Understanding umami

by Nick Rose, M.S.

This article was originally published in April 2015

seaweed

“Delicious taste” is the translation of the Japanese word umami — the fifth taste sensation that’s not as commonly recognized as the other four — sweet, salty, bitter, sour, umami. Umami was discovered in Japan in 1908, yet it continues to be a foreign concept for many eaters in the United States.

Umami enhances all flavors in a dish, allowing us to use less salt, sugar and fat when cooking — without sacrificing deliciousness. Chefs use umami-rich foods, such as Parmesan cheese and soy sauce, to provide the “wow factor” in their cooking. Food manufacturers enhance umami with flavor additives, such as autolyzed yeast extract and monosodium glutamate (MSG).

Umami Ingredients

Umami comes primarily from glutamate, an amino acid found in varying amounts in all foods. Glutamate usually is bound to other amino acids as part of larger protein molecules, but when glutamate is “freed” from other proteins, it produces the umami taste. Kombu seaweed is by far the highest food source of free glutamate and provides characteristic umami flavor in dashi, a Japanese cooking stock.

Free glutamate content increases as foods ripen, age or are fermented. For instance, sun-dried tomatoes have quadruple the amount of free glutamate as fresh tomatoes, and tempeh contains 15 times more free glutamate than unfermented soybeans. Fermentation and aging transforms the flavors of these foods, in part by freeing the glutamate to produce umami.

Human breast milk also contains free glutamate (ten times more than cow’s milk) and, therefore, umami is one of our first taste experiences, along with the sweetness of lactose. Some researchers hypothesize that the early umami experience in infancy teaches humans to seek out foods that contain glutamate, possibly because glutamate-rich foods are protein-rich and very nutritious.

MSG: artificial umami

For a variety of reasons, MSG has earned a bad reputation, despite the fact that researchers have been unable to link the suspected “Chinese Restaurant Syndrome” to MSG. Some declare MSG is an excitotoxin — a substance that overstimulates neural cells and damages the nervous system — but it’s unclear if normal dietary exposures can raise blood glutamate levels high enough to cause trouble. MSG is not permitted at PCC.

Some people do have varying reactions to MSG, such as headaches, sweating, flushing, muscle tightness, and general weakness, and the Food and Drug Administration recognizes “MSG symptom complex” as a short-term reaction to MSG ingestion, impacting approximately 1 to 5 percent of the population.
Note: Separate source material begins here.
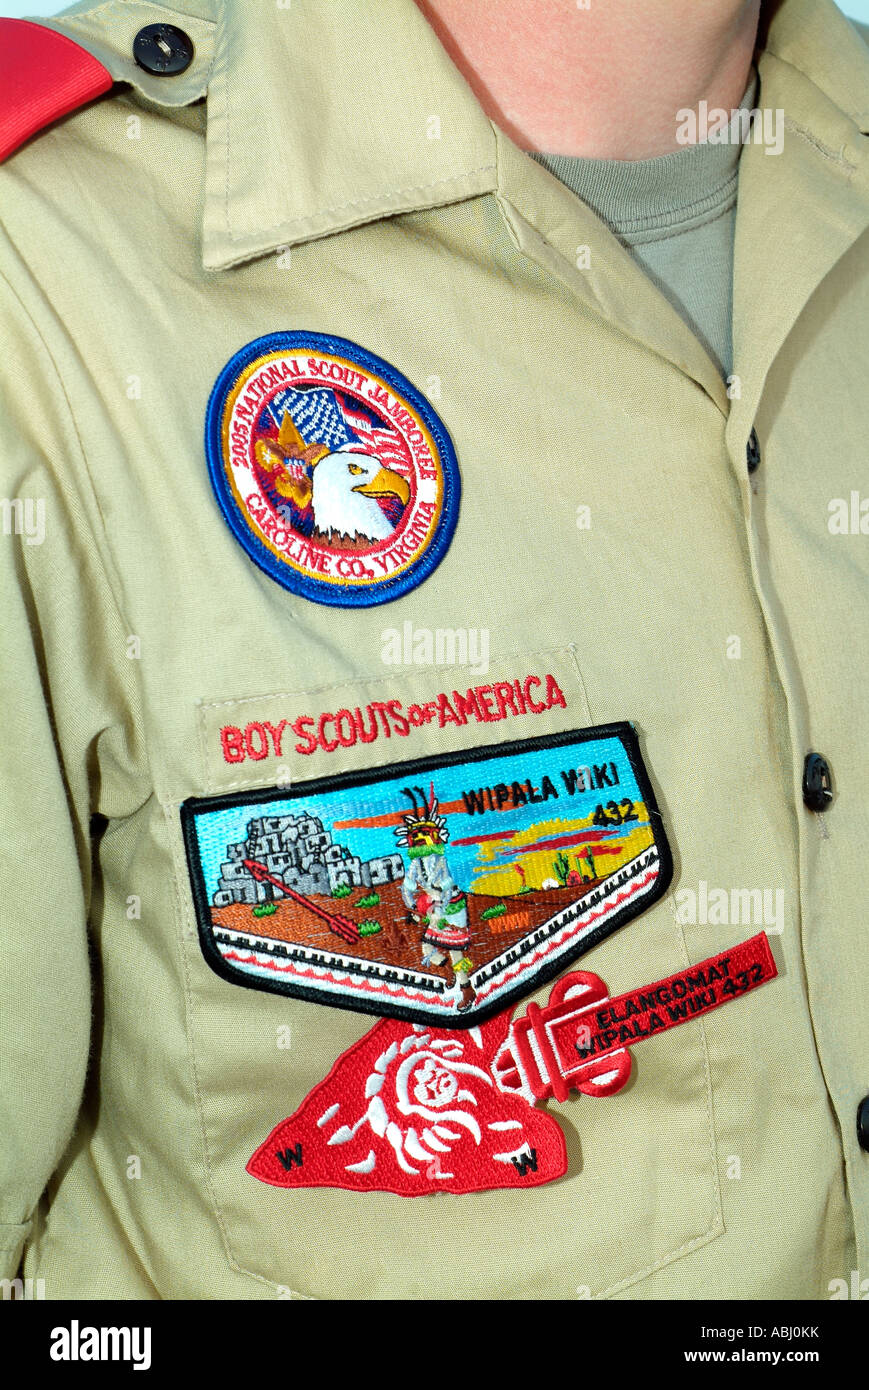 Star Scouts uniforms
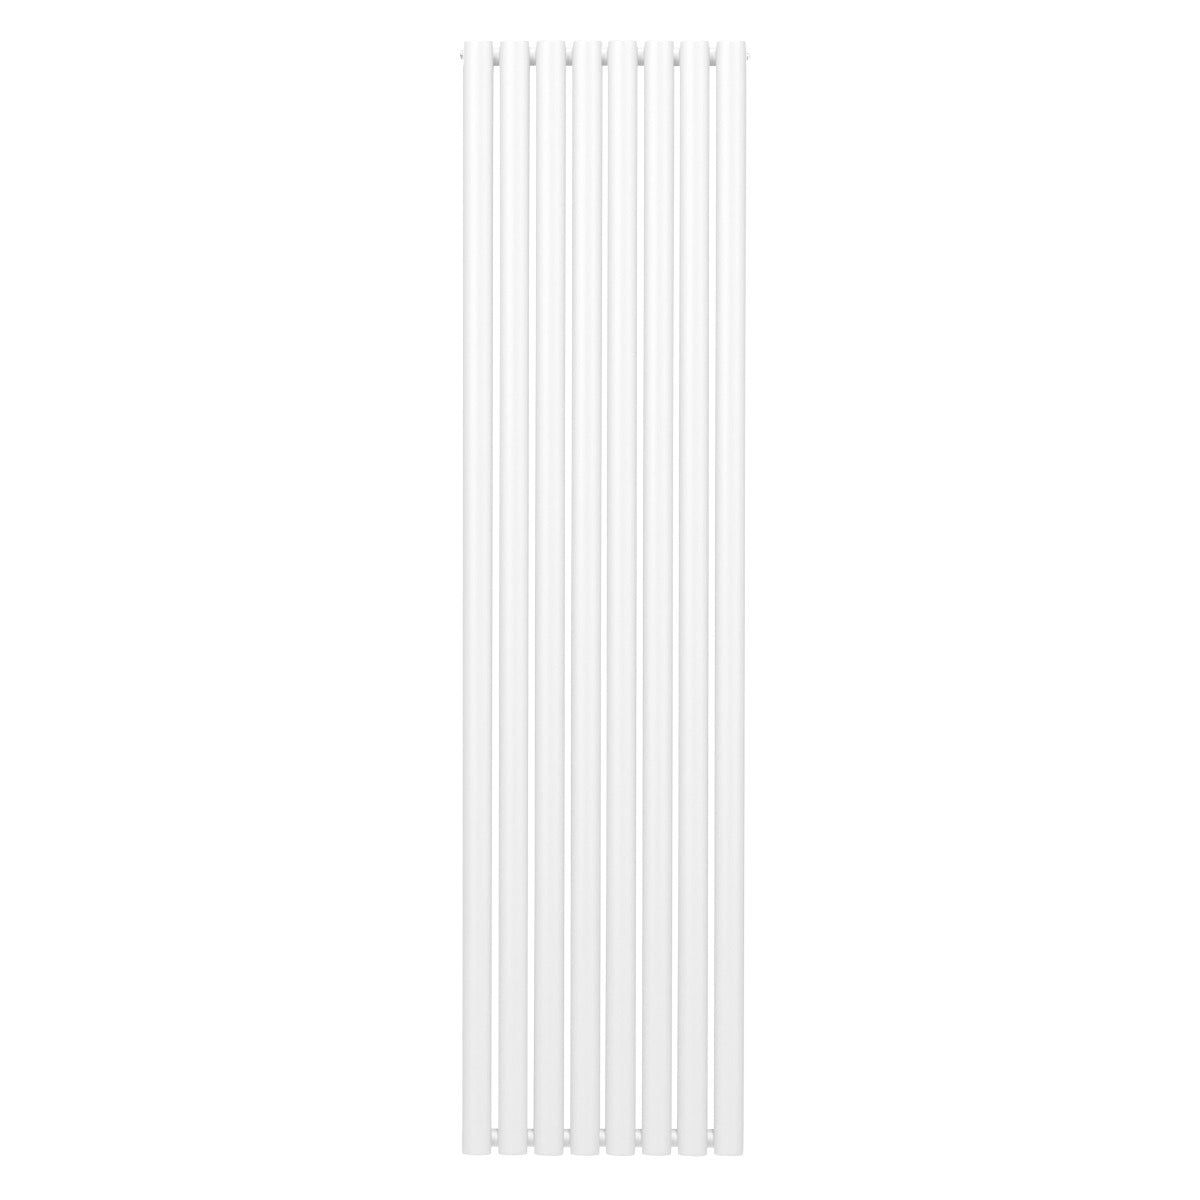 Oval Column Radiator – 1800mm x 480mm – White

Researchers have found that more people react to MSG when it is consumed alone without any food.

Hydrolyzed and autolyzed flavor-enhancers

The food industry often relies on glutamate-rich ingredients, such as autolyzed yeast extract and hydrolyzed vegetable protein, to produce umami in packaged foods, such as soups, chips and other savory foods. Autolyzed and hydrolyzed ingredients (often derived from soybeans) have been processed so the proteins are broken down and the glutamate becomesfree, rather than bound to other proteins.

Hydrolyzed and autolyzed ingredients are used as flavor enhancers and contain free glutamate, but they’re not the same as MSG. Autolyzed yeast, for instance, contains between five and 20 percent glutamate, whereas MSG is 100 percent pure glutamate that has been isolated (and bound to sodium). Autolyzed ingredients do not trigger reactions in most people who are sensitive to MSG, although a minority of consumers can be extremely sensitive. These very sensitive consumers often assume — mistakenly — that there’s “unlabeled MSG” in a food when it’s truly autolyzed or hydrolyzed ingredients that trouble them.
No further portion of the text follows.